We’ve made all benchmark configurations and source code public,
so you can reproduce and verify the results independently.
The benchmark source code is available at: https://github.com/VictoriaMetrics/log-collectors-benchmark
The benchmark consists of four parts:
log-generator - a program deployed as multiple Pods, each writing JSON log records to stdout at a configurable rate.
Each record contains a sequence_id (monotonically increasing integer), timestamp, and a randomly selected subset
of fields typical for structured logs in Kubernetes applications: log level, component name, HTTP method, status, etc.
The average record size is ~216 bytes.
{"_time":"...","_msg":"API rate limit exceeded","sequence_id":50,"level":"DEBUG","status_code":404}
{"_time":"...","_msg":"Payment transaction initiated","sequence_id":51,"level":"INFO","component":"user-service","method":"GET","status_code":500,"duration_ms":209,"user_id":"user_5111","bytes_sent":3836,"region":"ap-southeast-1"}
{"_time":"...","_msg":"Service health check passed","sequence_id":52,"level":"ERROR","component":"notification-service","method":"PUT","status_code":503,"duration_ms":920,"user_id":"user_9899","bytes_sent":5601,"error_type":"AuthenticationError","trace_id":"trace-a1b2c3d4"}
{"_time":"...","_msg":"User authentication completed","sequence_id":53,"component":"payment-service","status_code":201,"duration_ms":322,"user_id":"user_9454"}
Log collector - the system under test. Tails Pod logs from /var/log/pods or /var/log/containers,
parses JSON-encoded log entry content generated by a log-generator Pod, and ships records to log-verifier
using a collector-specific protocol:
JSON Lines (vlagent, Vector, Fluent Bit, Fluentd),
Loki (Alloy, Grafana Agent, Promtail),
Elasticsearch (Filebeat),
OpenTelemetry (OpenTelemetry Collector).
log-verifier - receives logs from collectors, supporting all protocols listed above.

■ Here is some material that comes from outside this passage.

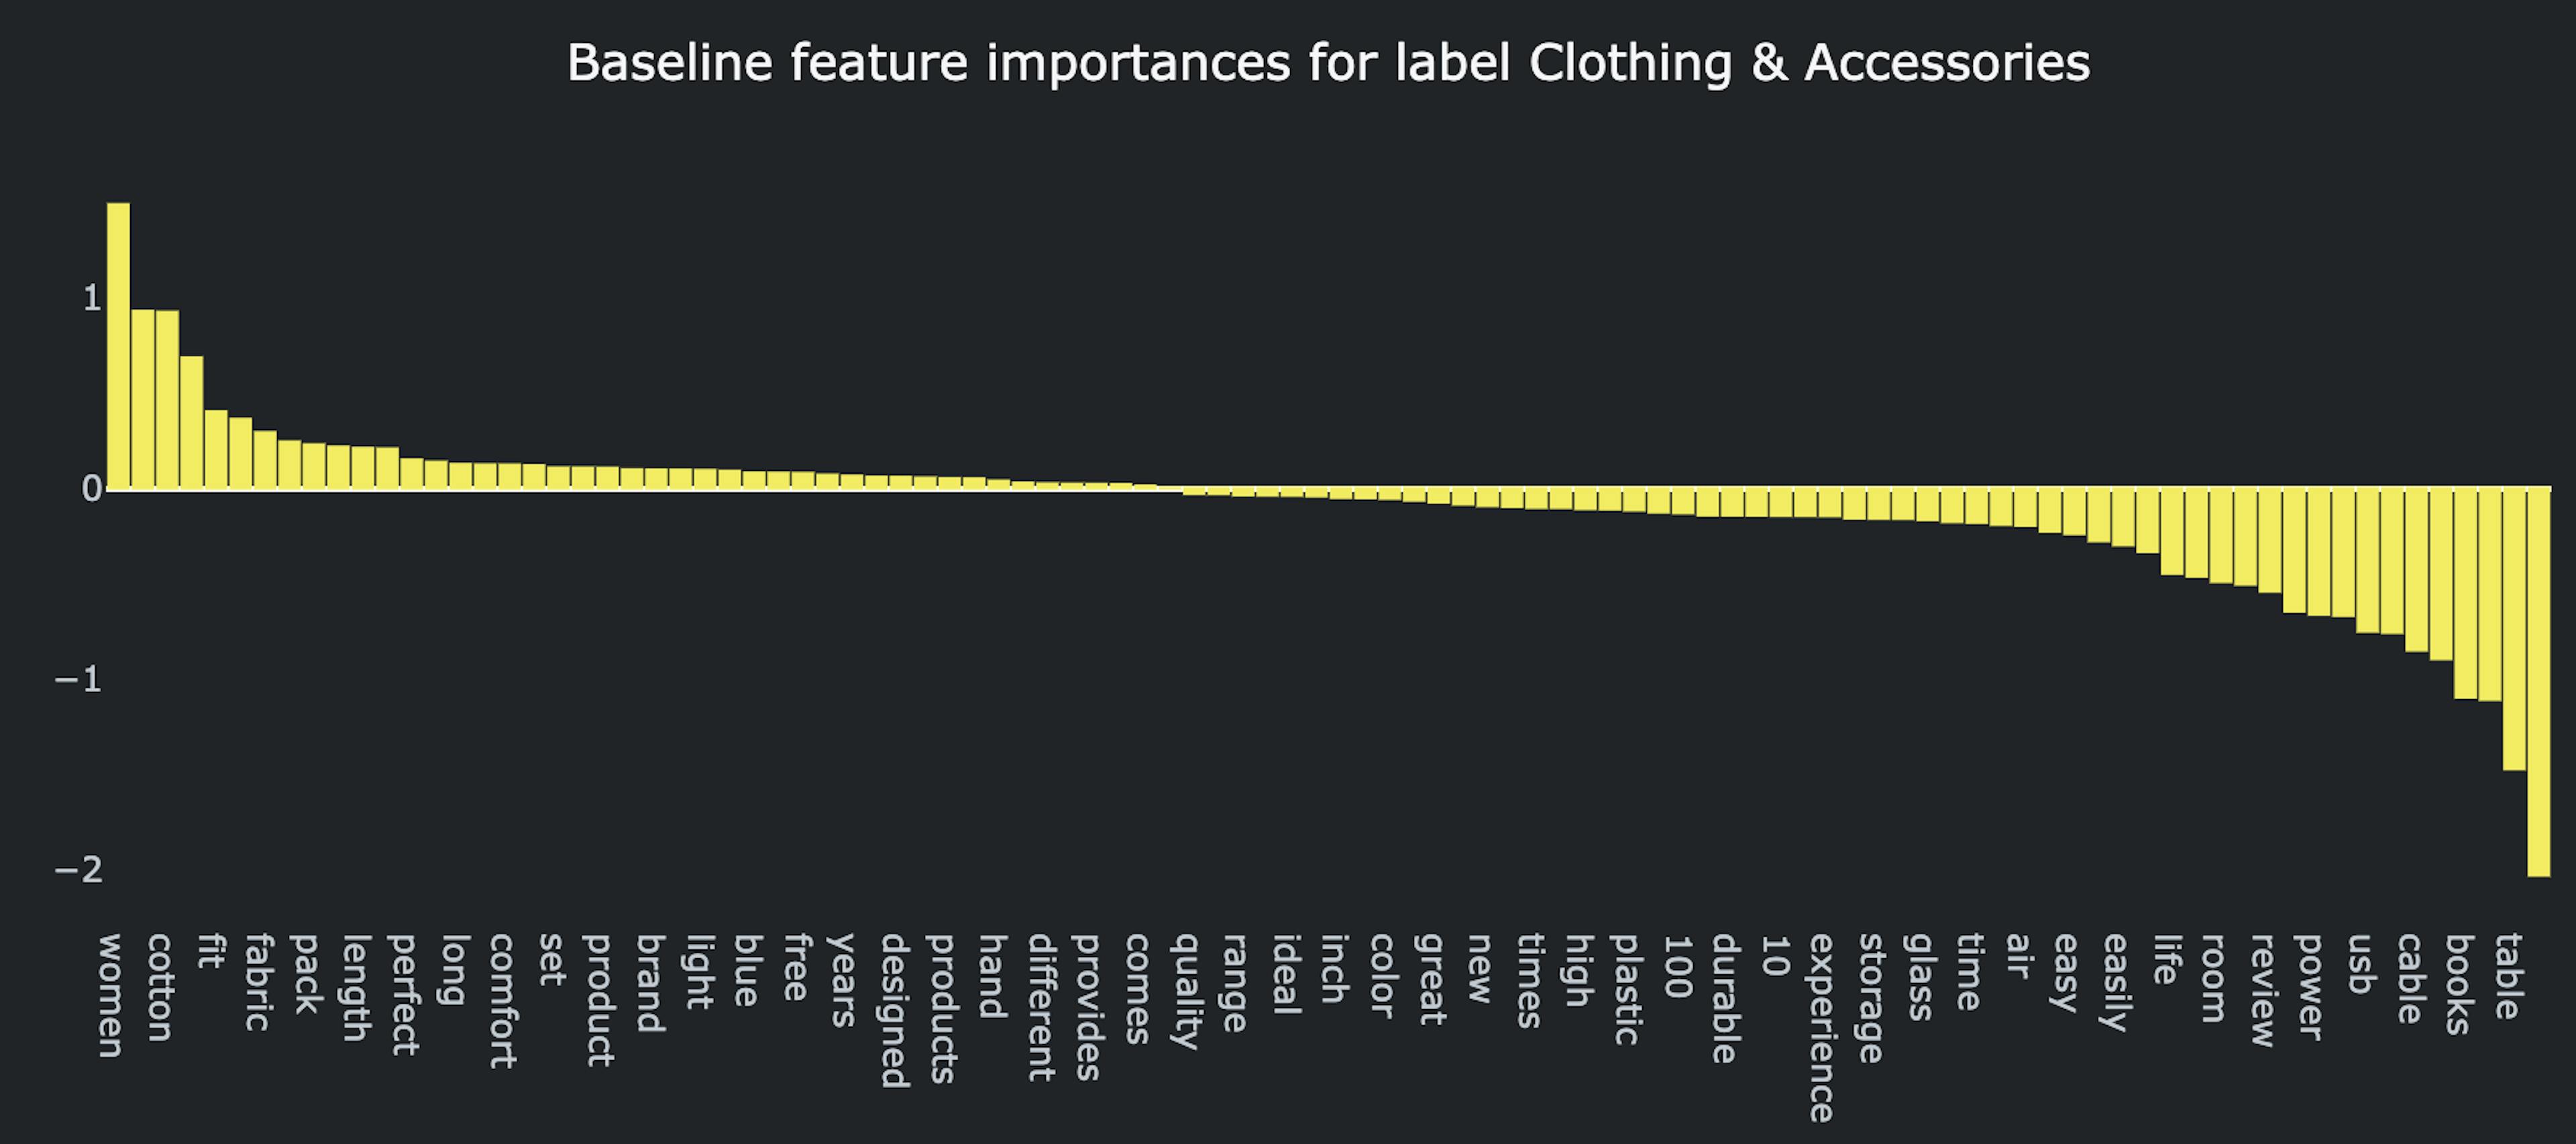 “服装和配饰”标签基线解决方案的特征重要性
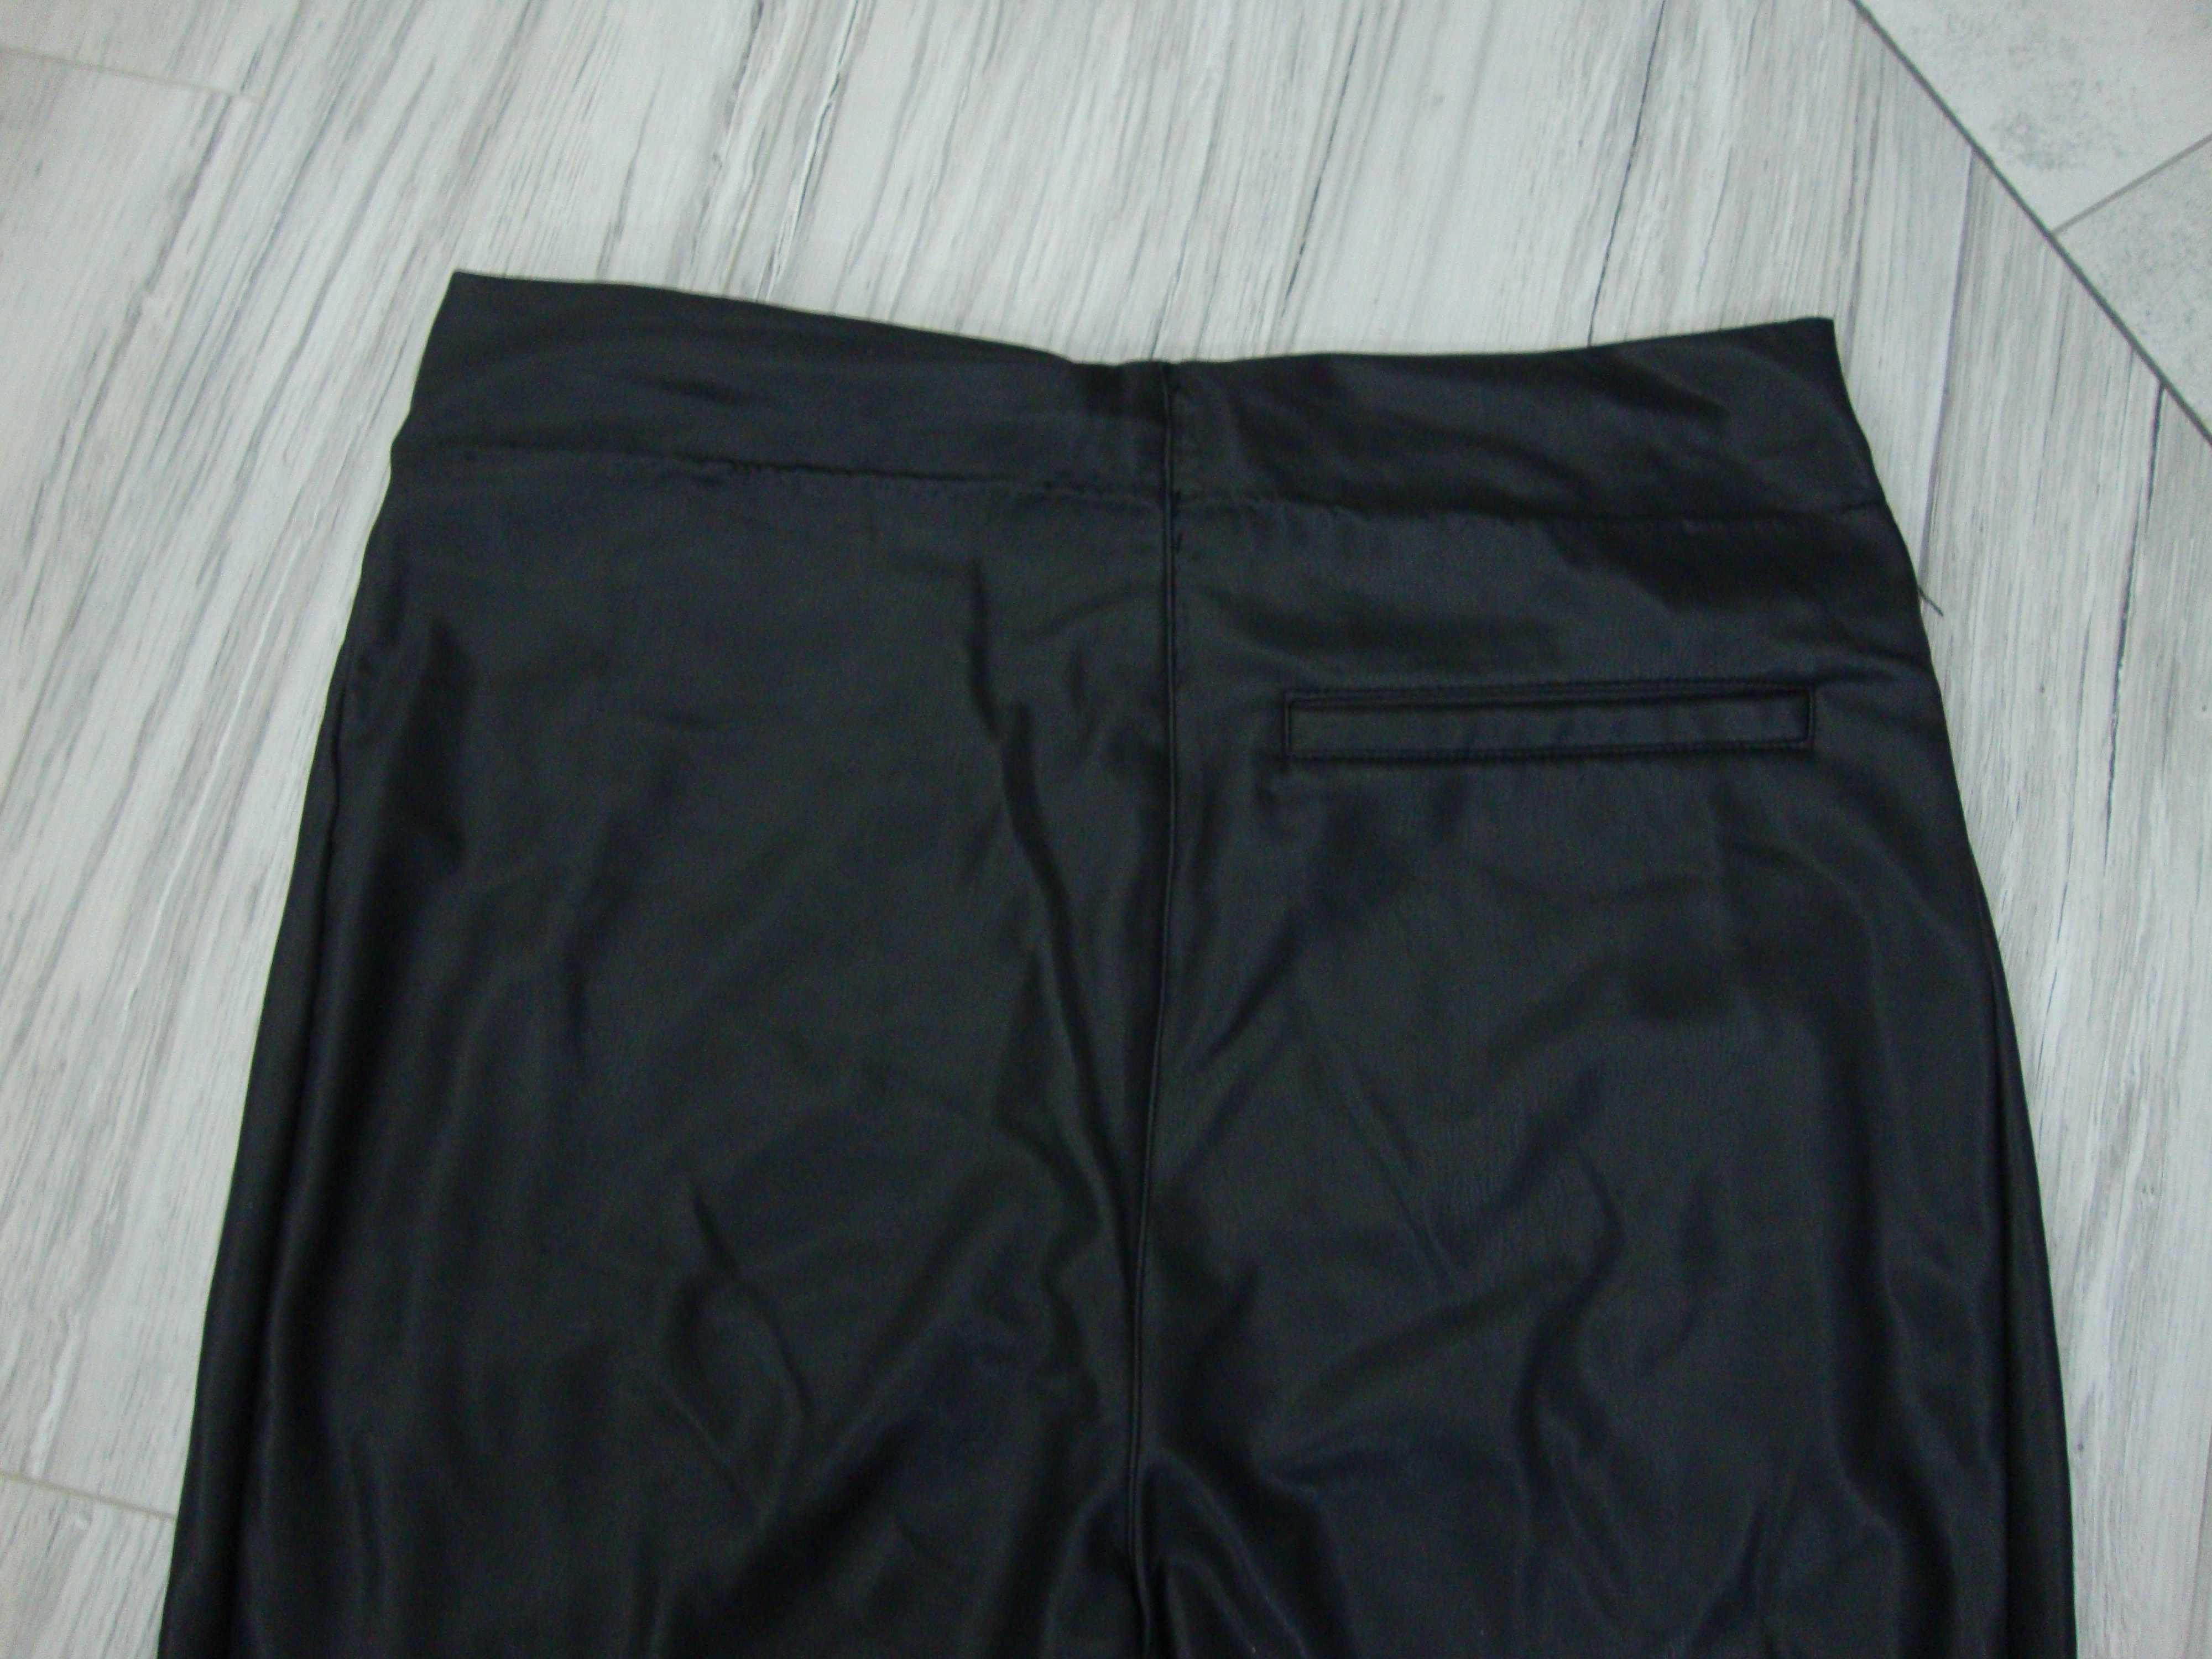 Spodnie skóra ekologiczna damskie czarne rozmiar XL

For each collector + Pod pair it tracks the maximum observed sequence_id and the total number of received logs.
Since sequence_id starts at 1 and increments strictly by 1, any gap between the two values indicates lost logs.
It also tracks delivery latency - the time between log record generation and its arrival at log-verifier - as a histogram.
All metrics are exposed via Prometheus.
VictoriaMetrics + Grafana - collect and visualize container CPU/memory metrics and log-verifier output.
The benchmark ran on a Google Cloud n2-highcpu-32 VM (32 vCPUs, 32 GiB RAM, local SSD disk)
running all components - log collectors, log-generator, log-verifier, VictoriaMetrics, vmagent, and Grafana -
in a single-Node kind Kubernetes cluster.
Running all collectors on the same Node with a local SSD shared across the collector Pods is intentional. Local SSD provides enough write IO bandwidth for storing the logs generated by log-generator. Log files read by collectors are likely to be cached by the OS page cache, so the disk read IO shouldn’t be a bottleneck too. For CPU and RAM, collectors in production typically share a Node with other workloads - running all collectors simultaneously emulates that contention. The Node CPU utilization stayed below 50% throughout the benchmark, so there was enough headroom for all collectors to compete fairly without the Node itself becoming a bottleneck.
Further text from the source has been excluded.